In Table 5, ${\sigma }_{\mathrm{int}}\sim 0.1$ for the COH model: while consistent with previous analyses on real data, it is 20% smaller than the input scatter value (${\sigma }_{\mathrm{coh}}=0.13$) used in the simulation. The presence of CC contamination has no effect on ${\sigma }_{\mathrm{int}}$, as verified by a BBC fit that excludes true CC and the CC likelihood. As described above, we expect that ${\sigma }_{\mathrm{int}}\lt {\sigma }_{\mathrm{coh}}$ because of the SALT-II model uncertainties. To verify this effect, we refer to our simplified simulation test (Section 6) with the COH model and no SALT-II model uncertainties: the BBC-fitted ${\sigma }_{\mathrm{int}}$ agrees well with the input ${\sigma }_{\mathrm{coh}}$ value, as shown in the ${\sigma }_{\mathrm{int}}/0.13$ column in Table 4.
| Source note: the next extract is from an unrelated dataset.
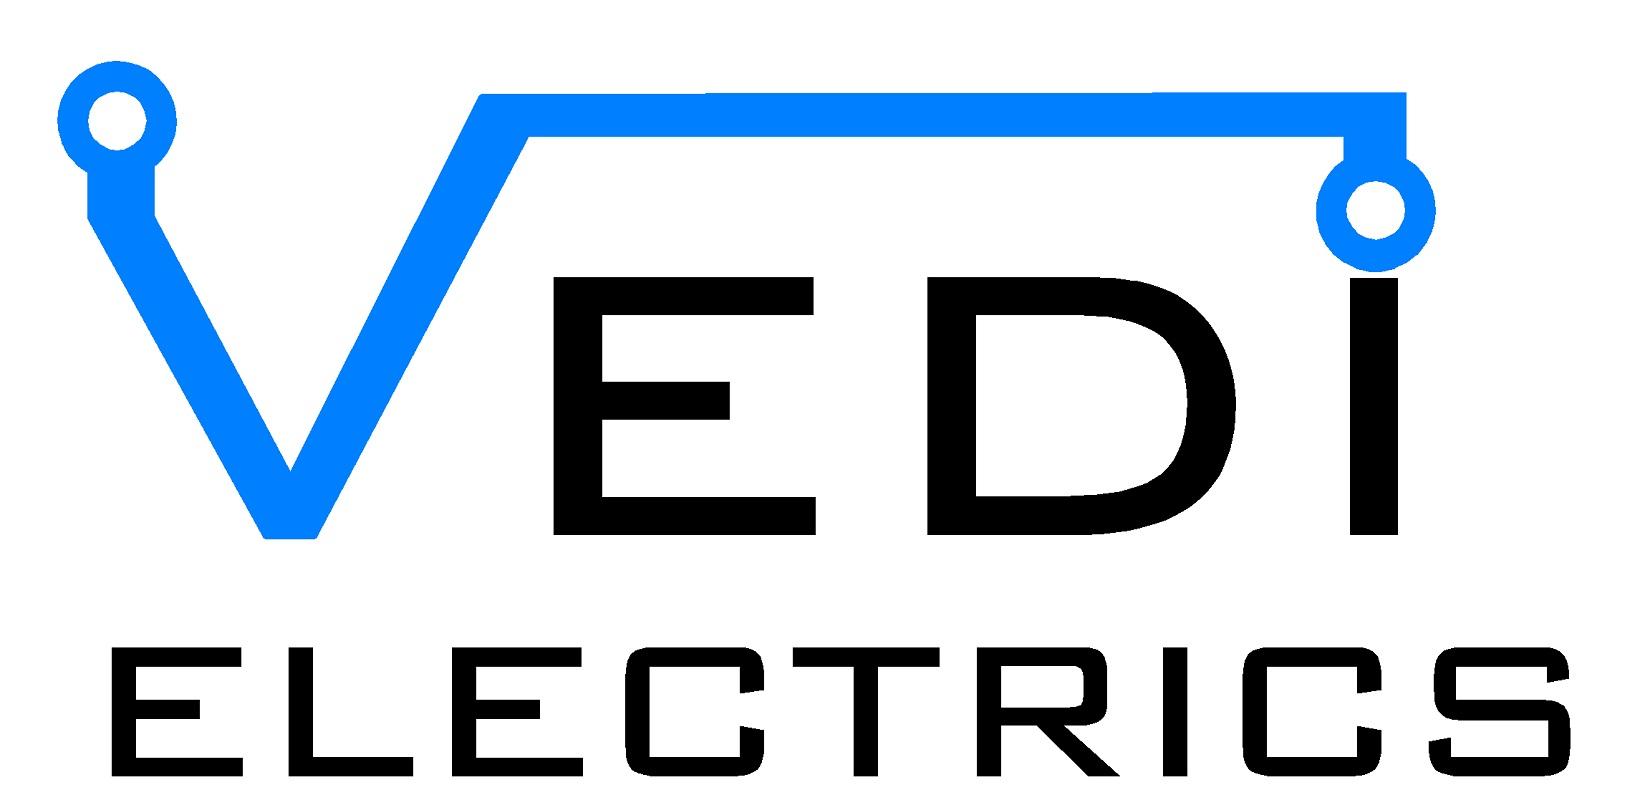 Vedi Electrics

For the G10 scatter model, ${\sigma }_{\mathrm{int}}\simeq 0.076$ mag and is significantly below previous measurements; this discrepancy suggests either a problem with the underlying model or with the implementation in the simulation. For the C11 model, ${\sigma }_{\mathrm{int}}\simeq 0.1$ mag and is in good agreement with previous measurements. To check the BBC-fitted values, we have computed the true ${\sigma }_{\mathrm{int}}$ value from low-redshift (high S/N) events by adjusting the rms of $({\mu }_{i}-{\mu }_{\mathrm{true}})/{\sigma }_{\mu ,i}$ and using the true values of α and β: the computed ${\sigma }_{\mathrm{int}}$ agree well with the BBC-fitted ${\sigma }_{\mathrm{int}}$ for all intrinsic scatter models.

8. Comparison with Other Bias-correction Methods

Here we compare the BBC method with other HD-fitting methods. First, we show in Section 8.1 the impact from using incorrect fitting methods: leaving out the Gaussian normalization and/or the distance-bias corrections. Next, we discuss in Section 8.2 previous analyses that used a redshift-dependent distance-bias correction.
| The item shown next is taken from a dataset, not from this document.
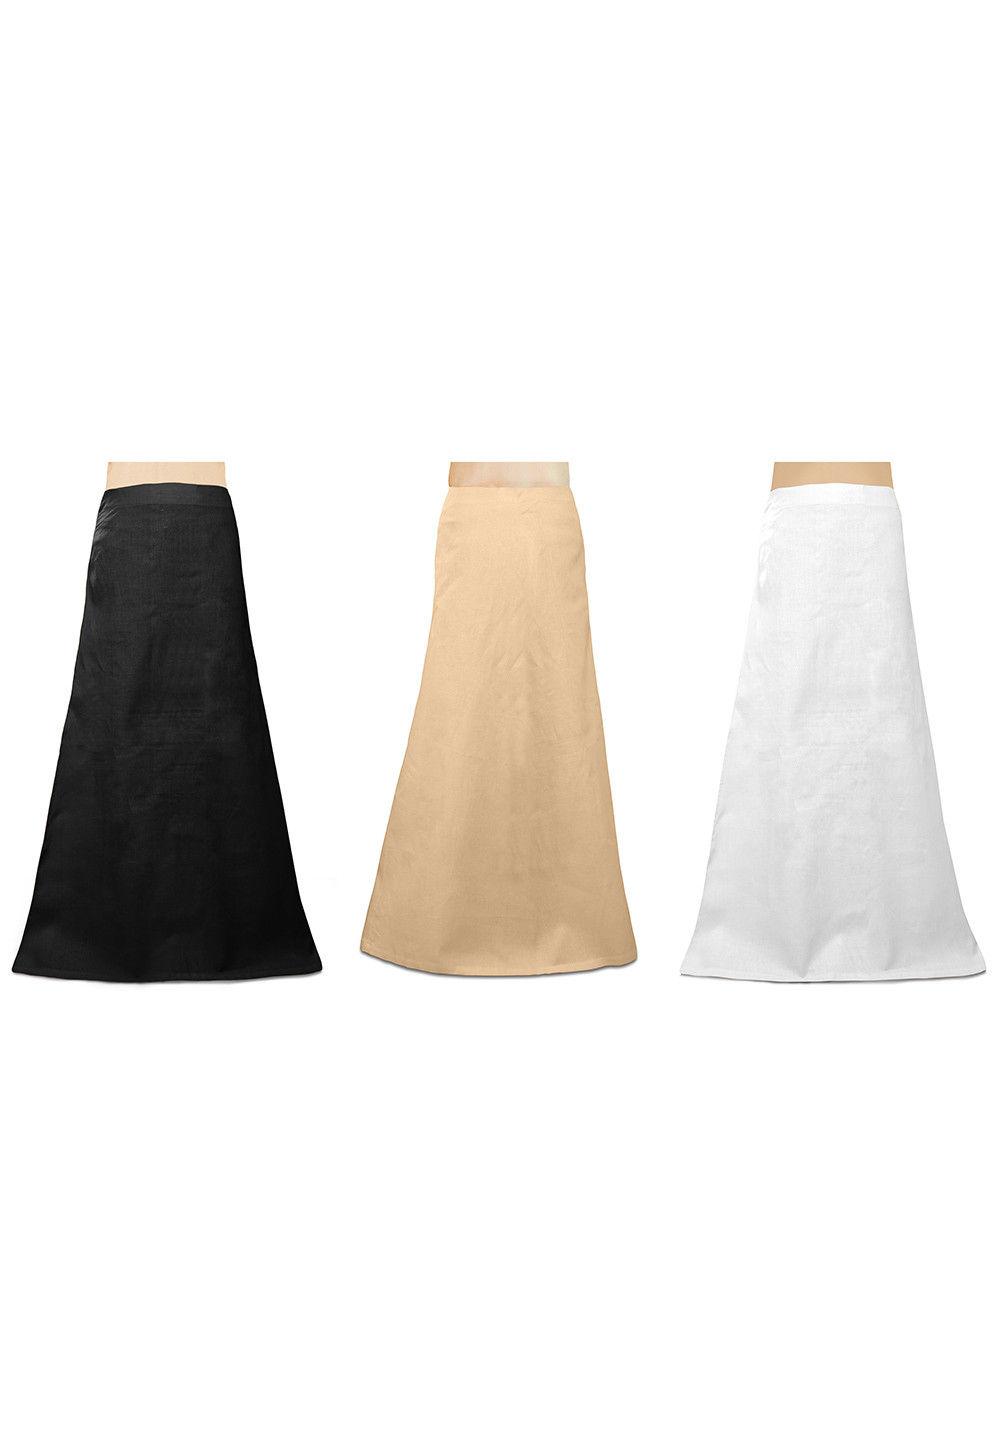 Cotton Combo Sets in Petticoat

8.1. Incorrect Fitting Methods

Several recent SN Ia analyses are based on the traditional ${\chi }_{\mathrm{HD}}^{2}$ approach (Equation (3)) to HD fitting (Conley et al. 2011; Betoule et al. 2014; Rest et al. 2014; Scolnic et al. 2014a). While some approaches have included a redshift-dependent bias correction (e.g., Section 8.2), the Gaussian normalization term, $-2\mathrm{ln}(\sigma )$, has not been included because it results in large biases (e.g., see Appendix B of Conley et al. 2011). The issue is explained in March et al. (2011): the uncertainties on the color and stretch are comparable to the natural width of the parent distributions, particularly at higher redshifts, and therefore the Gaussian-error assumption in the ${\chi }^{2}$ likelihood is not valid. Their solution is to model the color and stretch distributions within the BHM framework. Our BBC method uses bias corrections to model the correct mean in small 5D bins.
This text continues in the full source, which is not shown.